Immersion reading is not just for KU, its also for purchased stuff, so not sure how that would be related. I just think they left off the 2011 Fire for some reason.


----------



## tsemple (Apr 27, 2009)

Atunah said:


> Well, my 8.9 Fire HD 2012 doesn't have immersion reading either and I can get the KU audio books on it just fine.
> 
> Immersion reading is not just for KU, its also for purchased stuff, so not sure how that would be related. I just think they left off the 2011 Fire for some reason.


Wait a second. 'Immersion reading' made its debut with the Fire HD 2012 (and I think Fire 2nd gen).


----------



## Jim Johnson (Jan 4, 2011)

I don't know if this has been covered, and I assume it's how it's supposed to work, but for the first time, I stopped reading a KU book mid-stream, returned it, bought it outright, and when I opened the file it opened up right where I had left off reading. Pretty nifty.


----------



## Toby (Nov 25, 2008)

Yes, it is prerty cool. That's how it worked for amazon lending library books as well.


----------



## Atunah (Nov 20, 2008)

And just like library books, they kind of count KU titles as purchased so if there is an audio book discounted, it says you own the title and are eligible for the low cost, if its offered.  
Since not all KU titles have the audio narration attached, its a really good deal.


----------



## Rasputina (May 6, 2009)

Jim Johnson said:


> I don't know if this has been covered, and I assume it's how it's supposed to work, but for the first time, I stopped reading a KU book mid-stream, returned it, bought it outright, and when I opened the file it opened up right where I had left off reading. Pretty nifty.

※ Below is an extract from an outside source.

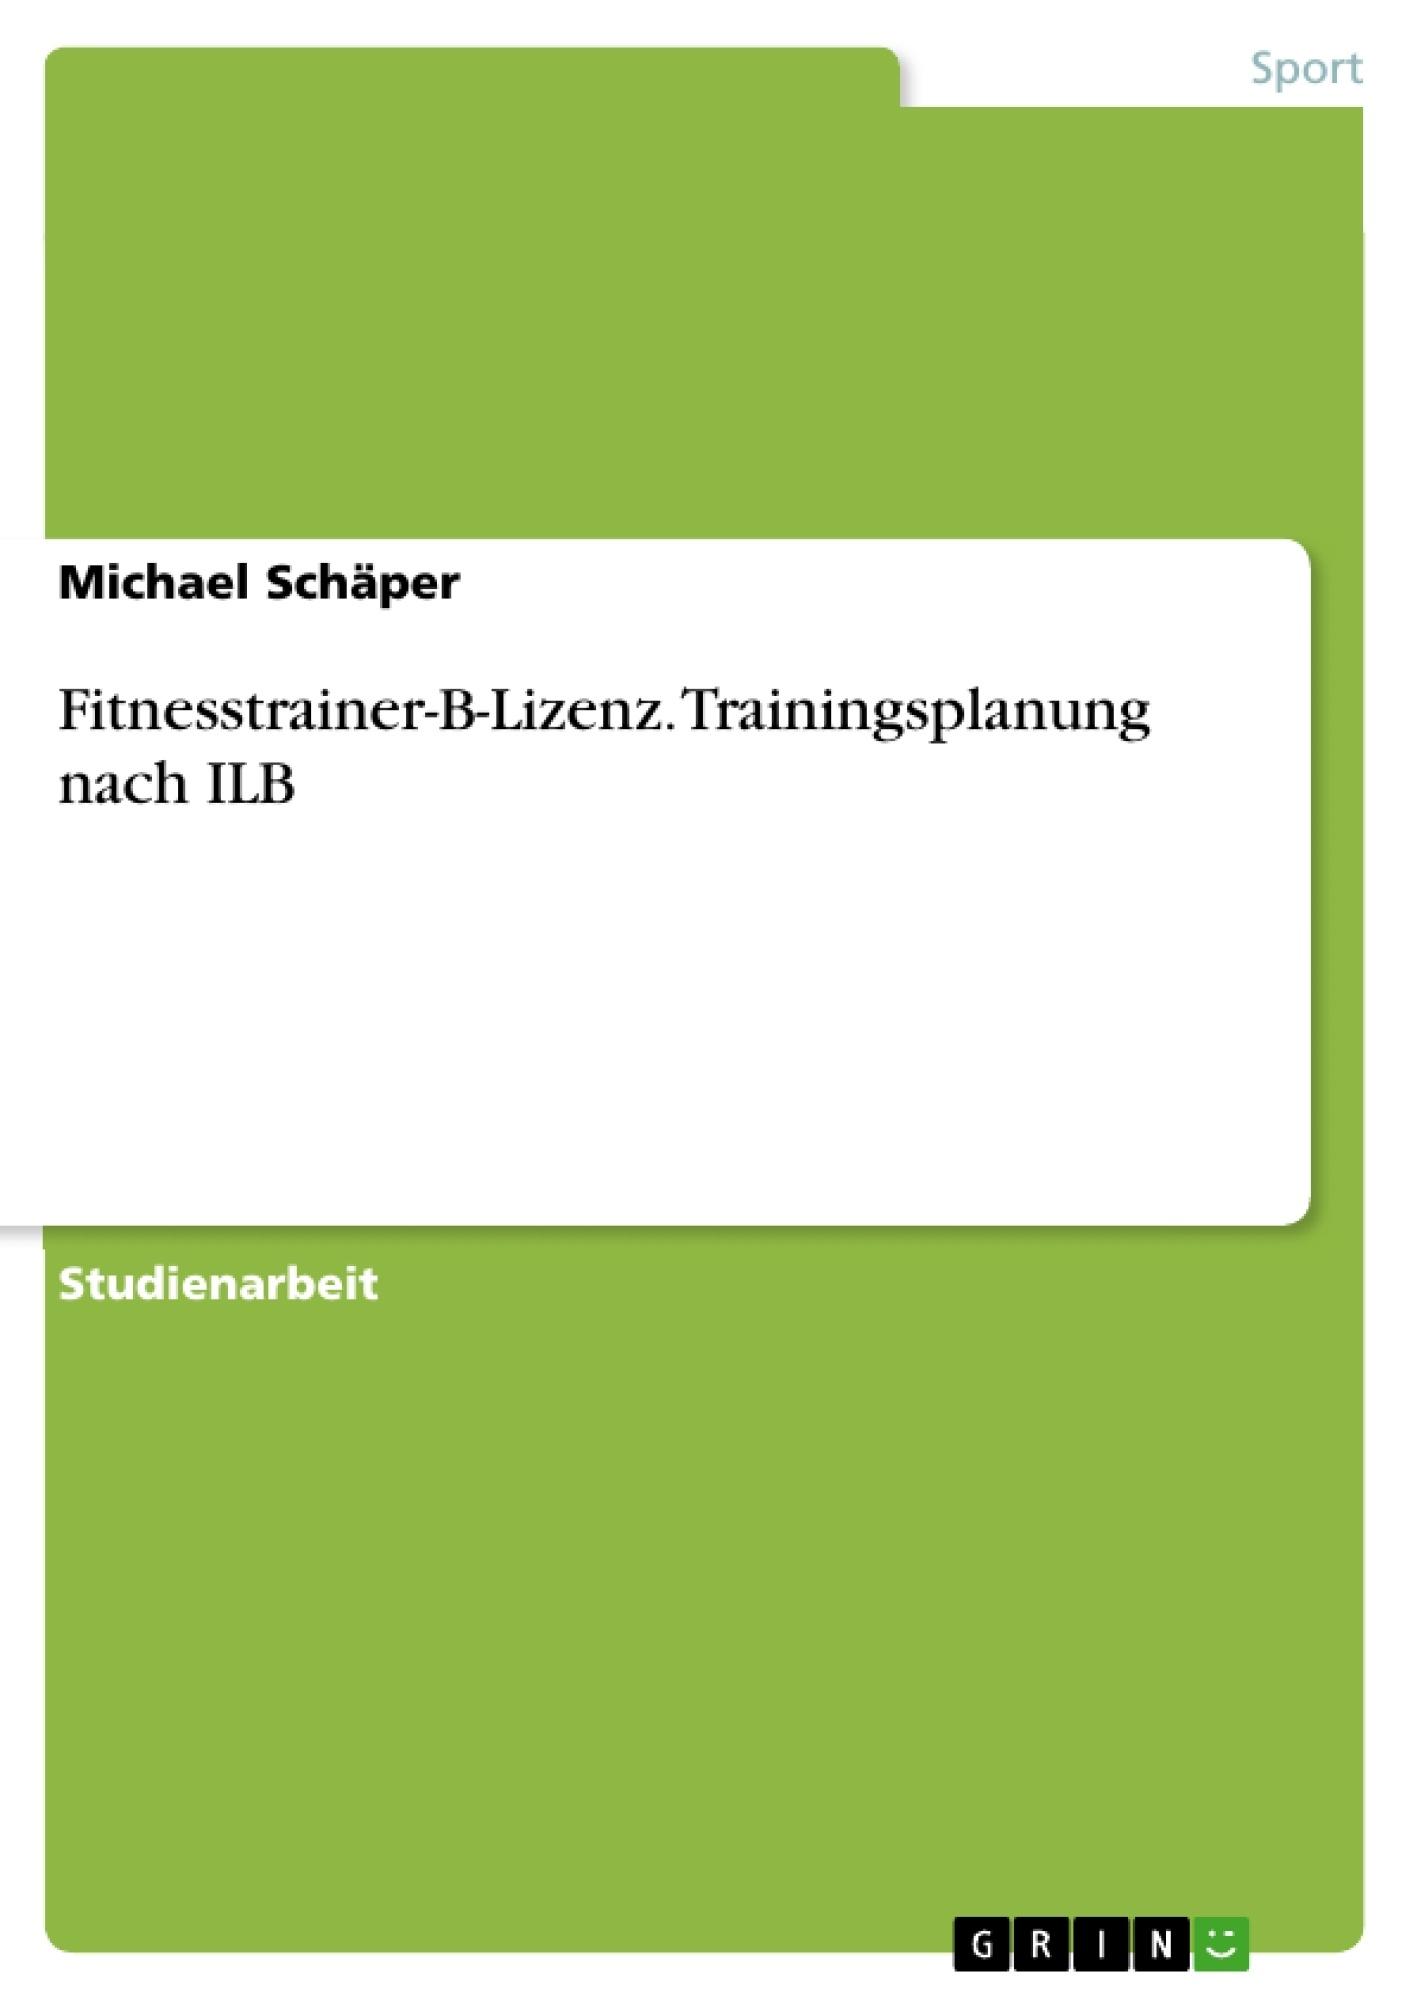 Titel: Fitnesstrainer-B-Lizenz. Trainingsplanung nach ILB

That is great to know, the KU book I'm reading right now is one I'd like to own.


----------



## Rasputina (May 6, 2009)

So, for those of us that started the free trial we have 10 more days left. Anyone made the decision if they are staying or dropping it? 

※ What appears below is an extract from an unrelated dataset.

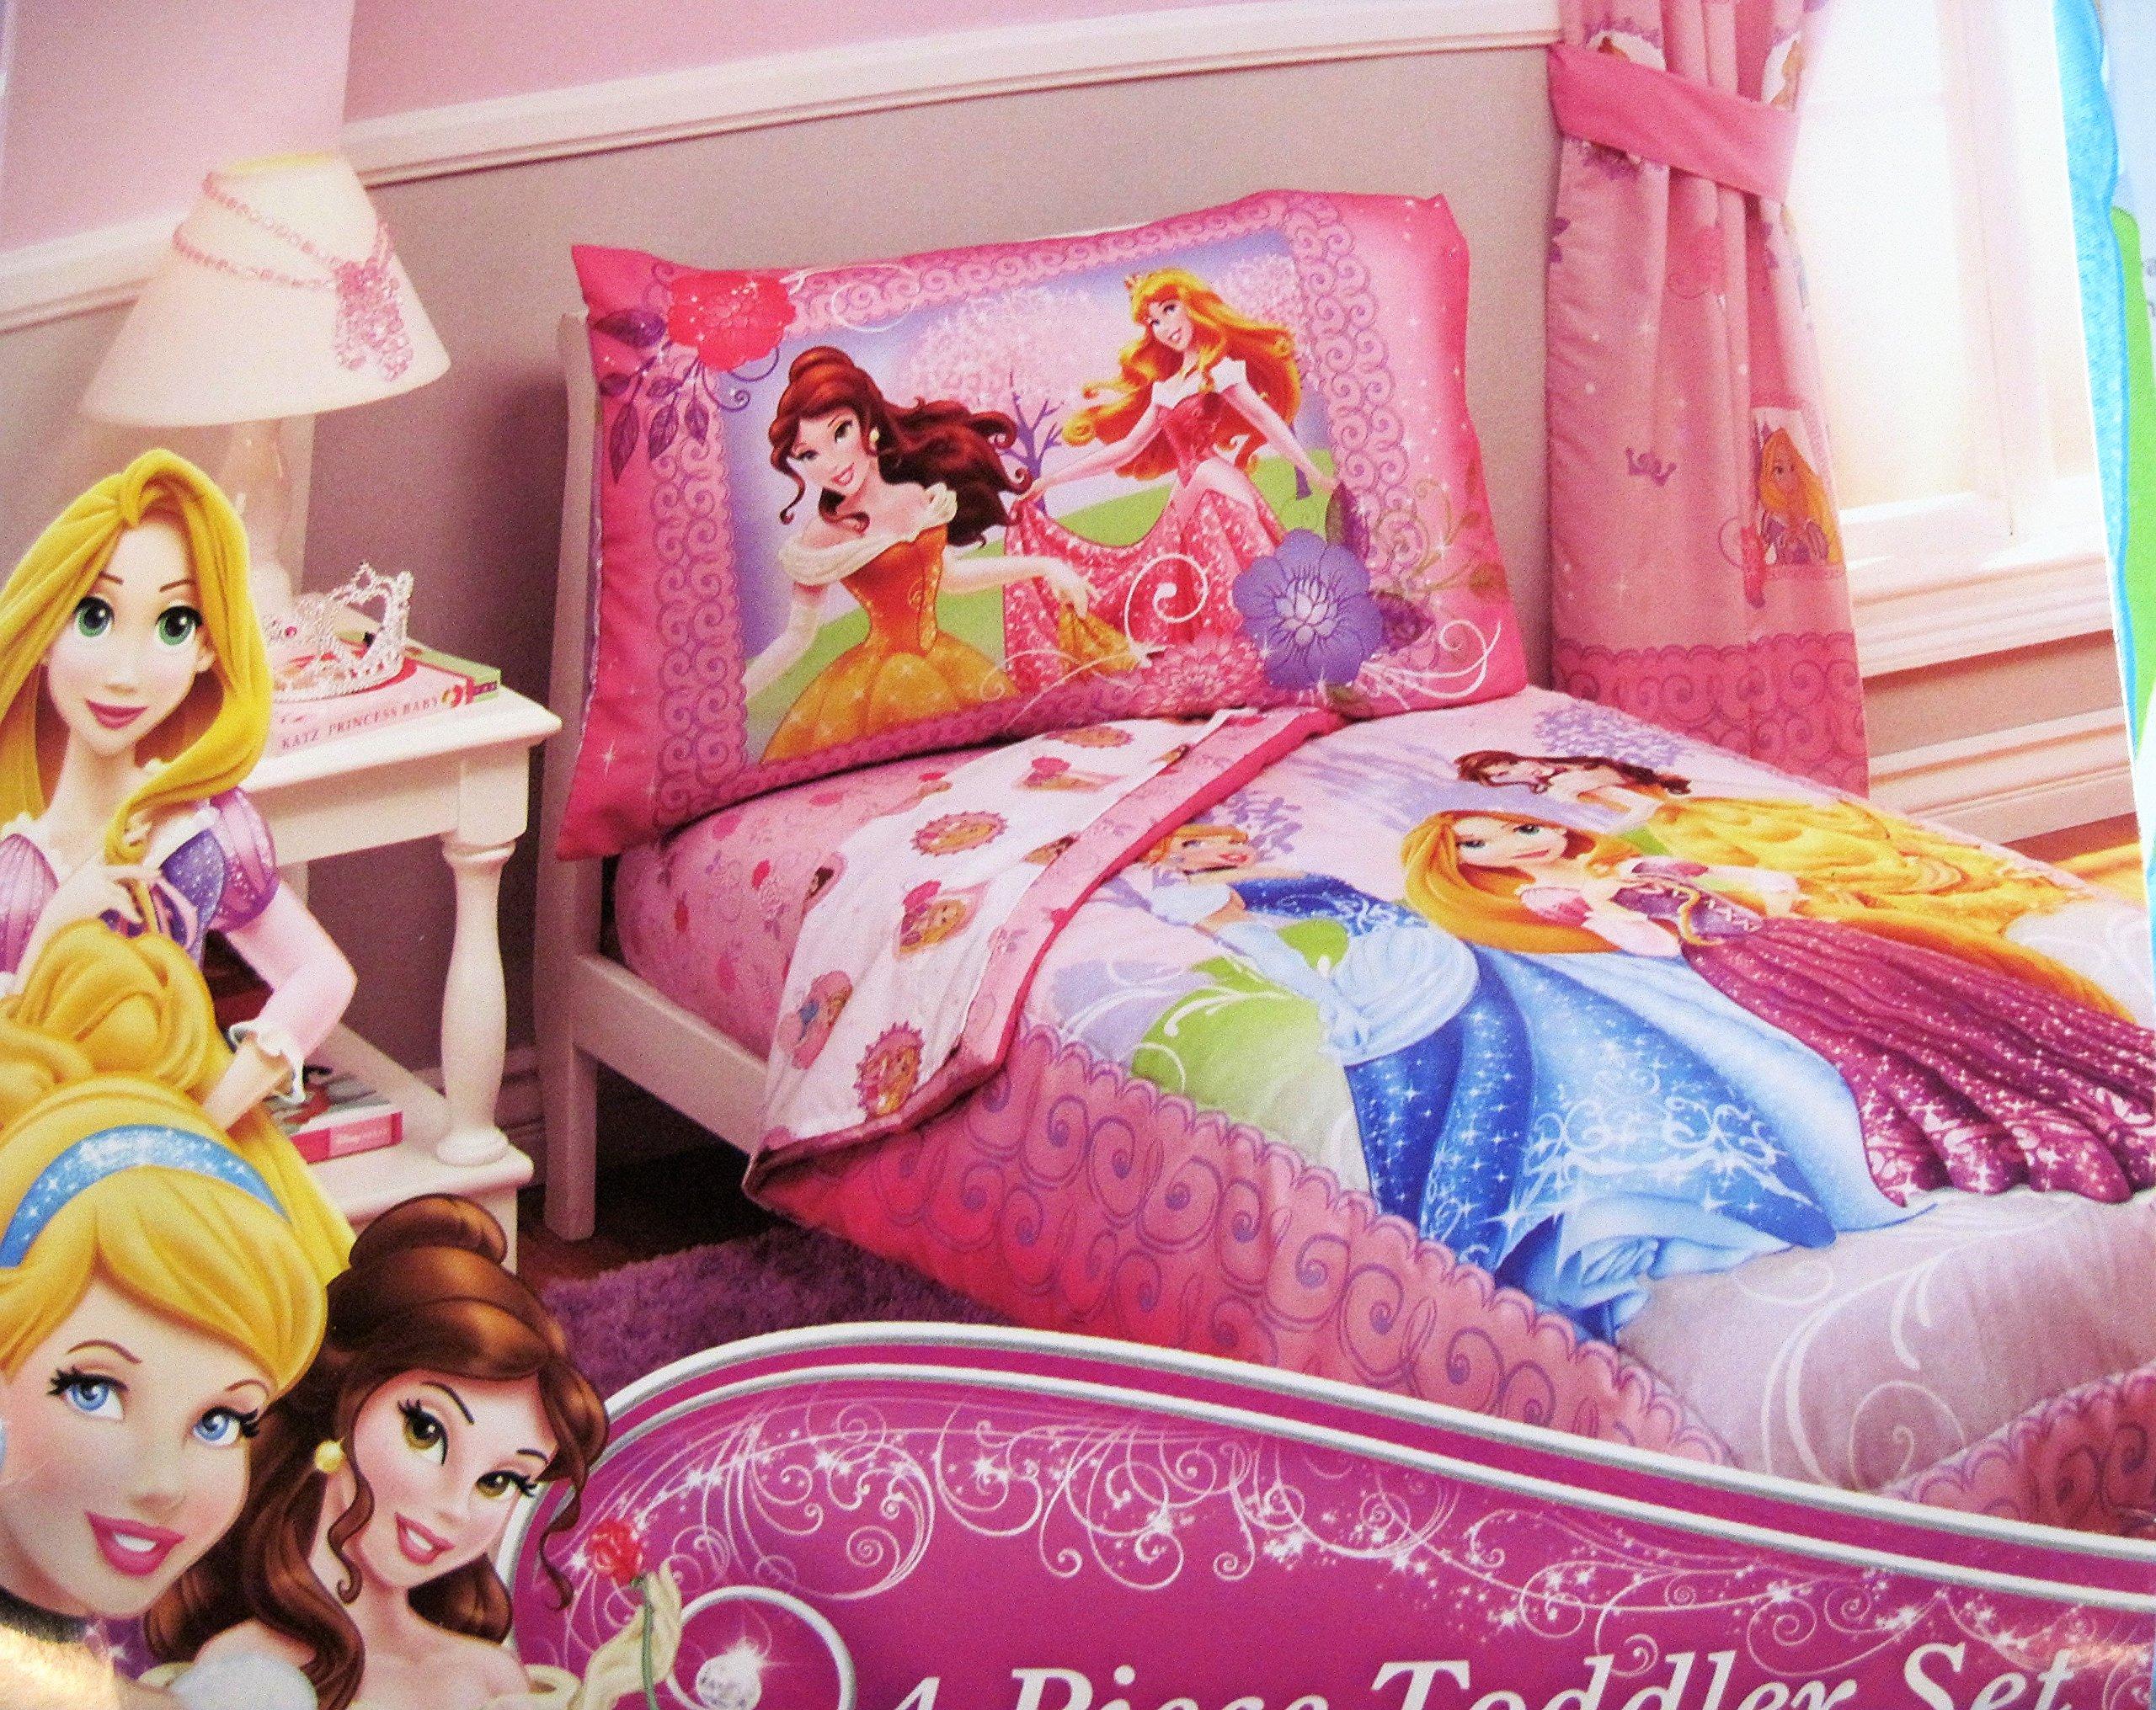 Disney Princess Girls Timeless Elegance 4 Piece Toddler Bedding Set 85214091877

I'm on the fence. It's been a busy summer and I'm still reading the first KU book I borrowed. Well, the first fiction one anyway. I'm not sure if it's worth it to stay. I can buy it for 1.99 anyway. The free audible credit is more of a draw so I might stay for at least 2 more months for that.


----------



## Atunah (Nov 20, 2008)

I joined a little later so my paid period would start on the 22nd. I have been adding books to a KU wishlist and I have enough I want to read for at least 5 months and beyond. So I'll keep it. I have done one of the Ku books with the audio narration and many on my wishlist have it also included so I think I can make it worth it for me. 

I only go for books that I would already read. I mean I am not going to just sample like a crazy person and basically pay to read a slush pile. So the same books I would normally read. That is the only way this is worth it for me. It is after all $10 a month. Many of the books on my wishlist right now are Amazon published titles. They have some really good ones and many have the audio included. 

I'll re-assess after I am through with the wishlist and hopefully by then they'll get some publishers on board. Outside the amazon imprints and a couple of smaller publishers, there isn't a huge amount I found I want to read. But those I did find should keep me busy. I calculated I need to read 4-6 books a month in KU to make it worth while. Otherwise its cheaper to just buy the books outright.


----------



## Toby (Nov 25, 2008)

I'm staying. However, my father thinks he clicked on KU. He decided not to continue & wants to unsubscribe. He will check it out tomorrow to see if he did, in fact subscribed. I'll have to help him. Where does he unsubscribe? I checked on my ipad, but couldn't find where.


----------



## Atunah (Nov 20, 2008)

Toby said:


> I'm staying. However, my father thinks he clicked on KU. He decided not to continue & wants to unsubscribe. He will check it out tomorrow to see if he did, in fact subscribed. I'll have to help him. Where does he unsubscribe? I checked on my ipad, but couldn't find where.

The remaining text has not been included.